The hikes were glorious. We stepped into a shadowy tunnel of green trees covered in thick moss, up through hill pastures ringing with the forlorn bleating of sheep, to a hilltop shrouded in silvery mist. The dim outlines of trees were all we could see, but I didn’t mind – it felt secret, ominous, and foreboding as Weathertop or the moors of Wuthering Heights.

The magic of stories is the magic of real, natural beauty on God’s earth, expressed in minute detail by people He gifted with wordcraft. I’m burning now to spin a story out of the beauty of New England.

Travel for people

The allure of the Lake District, Edinburgh, and Durham was worth traveling to see. But the best parts of this trip really were the people. Though we trekked 15 miles up and down the streets of Edinburgh to collect Scottish tartans and chocolates as souvenirs, it’s the conversations that I value the most.

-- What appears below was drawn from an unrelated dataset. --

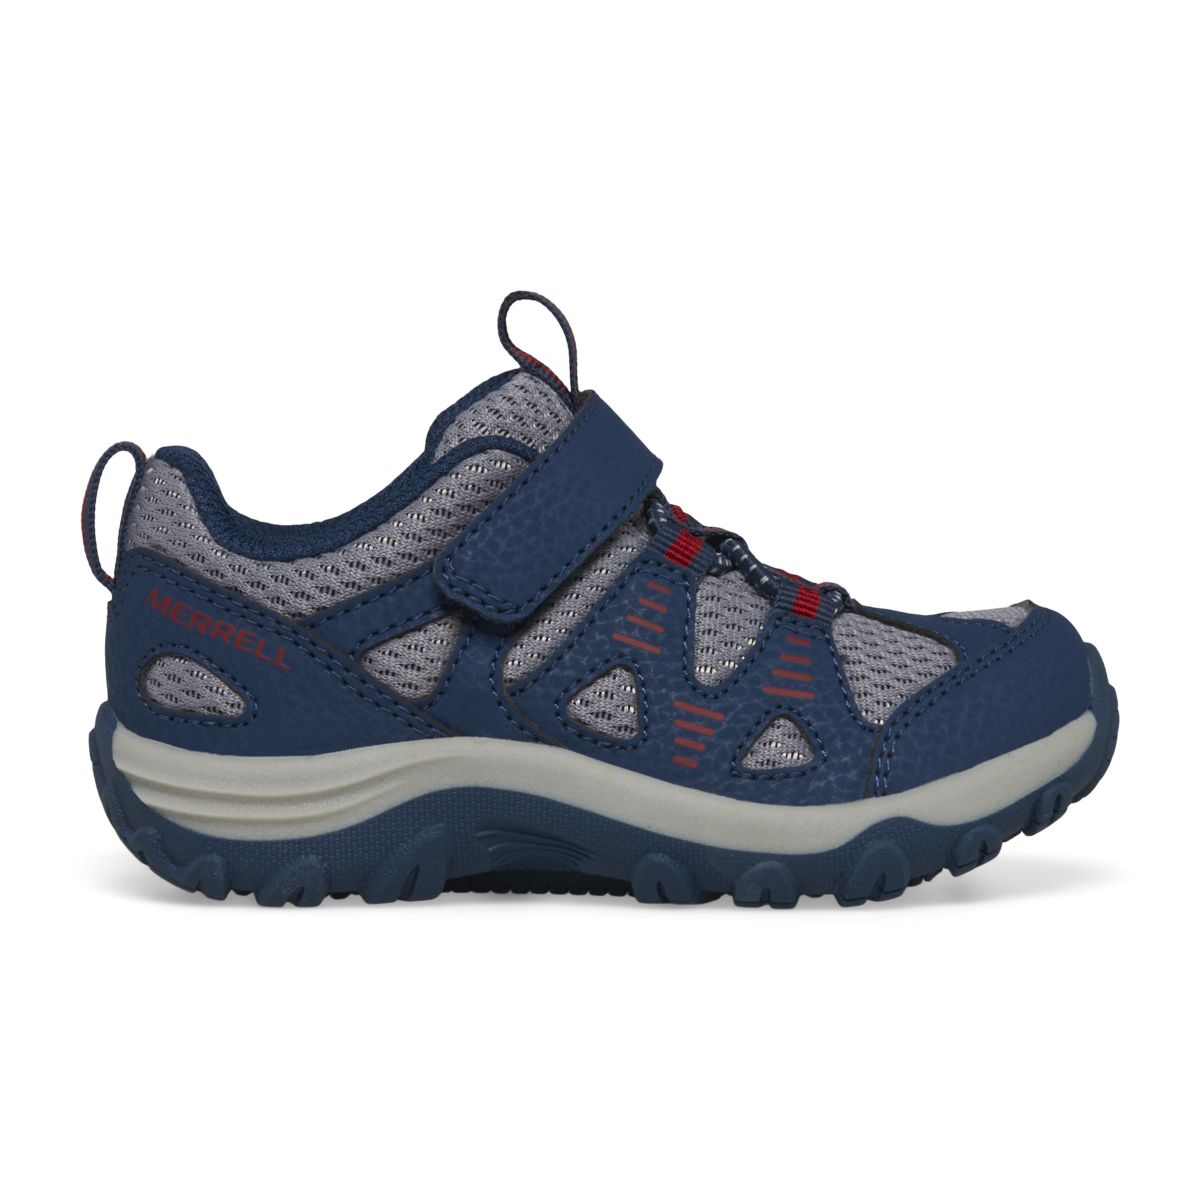 Trail Chaser 2 Jr. Shoe, Navy/Red, dynamic

We talked with our taxi drivers about English weather (one said that snow shuts down the Lake District; the other said that now winters were too warm and wet for snow); “health and safety” regulations set by the government; and regional accents (two of them warned us about Liverpool and Newcastle accents). The owner of the hotel in the Lake District told us what he knew of the history of the place, his previous career, and his aunt’s paintings which hung in the dining room. I spent hours talking about food, travel, dating, and culture with two Americans, a British woman, and an Australian woman on our last train.

In college, and just after, every glamorous Facebook picture of my friend’s travels filled me with envy and yearning: European castles, Italian vineyards, and tropical reefs. Now, after being able to take a few pictures of my own, I feel stronger knowing that I want to travel for people, not just scenery – fellow travelers, conference attendees, and hopefully new friends.

Seek out the family of God

Sunday morning in Durham, just before we had to get back to Heathrow, I was feeling sick, and we were both tired. We persevered enough, however, to get to Christchurch for their service.

The meeting room had a high ceiling, large windows, and white paint that caught the light. It was full of families: men and women talking in small groups, college students, and children who ran among the metal folding chairs, filling the room with laughter.

“If you get Jesus wrong,” one pastor began, “you get everything wrong, and you can’t relate to Him.” We recited the Nicene Creed, and sang through Christ-centered songs based on the Psalms. The main pastor talked through Psalm 8, pausing at verse 2:

Out of the mouth of babies and infants,
you have established strength because of your foes,
to still the enemy and the avenger.

“Oh, good,” he said, when one of the children there let out a happy cry. “I was hoping that would happen. In fact, I prayed that it would happen.” He continued to explain the majesty of God in making human beings, as helpless and small as babies, into priceless treasures. He went to Hebrews 2 to explain how Adam’s race had failed to rule this world as God created us to, but Jesus Christ became the ruler Adam failed to be.

I felt like crying with joy; to travel across the Atlantic and much of England and Scotland, and then find my family – radiant with worship, full of love for each other, steadfast in the truth – was exactly the encouragement I needed.

And then we returned. Now, I sift through my memories and new resolutions: to mythologize the beauty around me in stories; to use travel to build relationships, not just view pretty scenery; and to seek out the family of God everywhere.

While we were gone, summer arrived: tree canopies are lush and green, white spirea and pink rhododendrons are blooming, and the ocean is impossibly blue. For the first time, I can taste the sweetness of the word homecoming.